• [How to complete this task]:
Check each line of the data for "Banque", and copy the ones that have it.
- - -
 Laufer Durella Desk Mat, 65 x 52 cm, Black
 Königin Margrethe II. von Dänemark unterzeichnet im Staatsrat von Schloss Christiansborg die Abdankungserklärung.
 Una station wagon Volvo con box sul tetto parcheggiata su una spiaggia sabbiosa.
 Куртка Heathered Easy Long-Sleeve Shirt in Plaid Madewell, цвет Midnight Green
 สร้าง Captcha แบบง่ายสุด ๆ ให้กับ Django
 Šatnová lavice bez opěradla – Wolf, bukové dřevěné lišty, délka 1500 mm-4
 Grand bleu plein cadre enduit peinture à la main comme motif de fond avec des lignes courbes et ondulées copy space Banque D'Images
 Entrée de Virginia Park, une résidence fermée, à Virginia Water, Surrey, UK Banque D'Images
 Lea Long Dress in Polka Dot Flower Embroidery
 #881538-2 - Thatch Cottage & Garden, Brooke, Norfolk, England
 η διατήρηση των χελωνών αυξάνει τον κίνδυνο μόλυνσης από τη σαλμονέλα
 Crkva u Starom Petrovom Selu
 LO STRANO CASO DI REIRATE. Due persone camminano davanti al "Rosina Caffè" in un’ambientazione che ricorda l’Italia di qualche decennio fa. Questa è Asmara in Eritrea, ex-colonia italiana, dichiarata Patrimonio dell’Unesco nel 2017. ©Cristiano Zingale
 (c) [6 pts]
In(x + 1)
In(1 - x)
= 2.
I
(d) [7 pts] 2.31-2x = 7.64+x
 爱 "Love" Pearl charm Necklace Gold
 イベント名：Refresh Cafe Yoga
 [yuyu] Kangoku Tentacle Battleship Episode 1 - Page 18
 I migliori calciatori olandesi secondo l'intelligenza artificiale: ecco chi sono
- - -
• [Worked solution]:
 Grand bleu plein cadre enduit peinture à la main comme motif de fond avec des lignes courbes et ondulées copy space Banque D'Images
 Entrée de Virginia Park, une résidence fermée, à Virginia Water, Surrey, UK Banque D'Images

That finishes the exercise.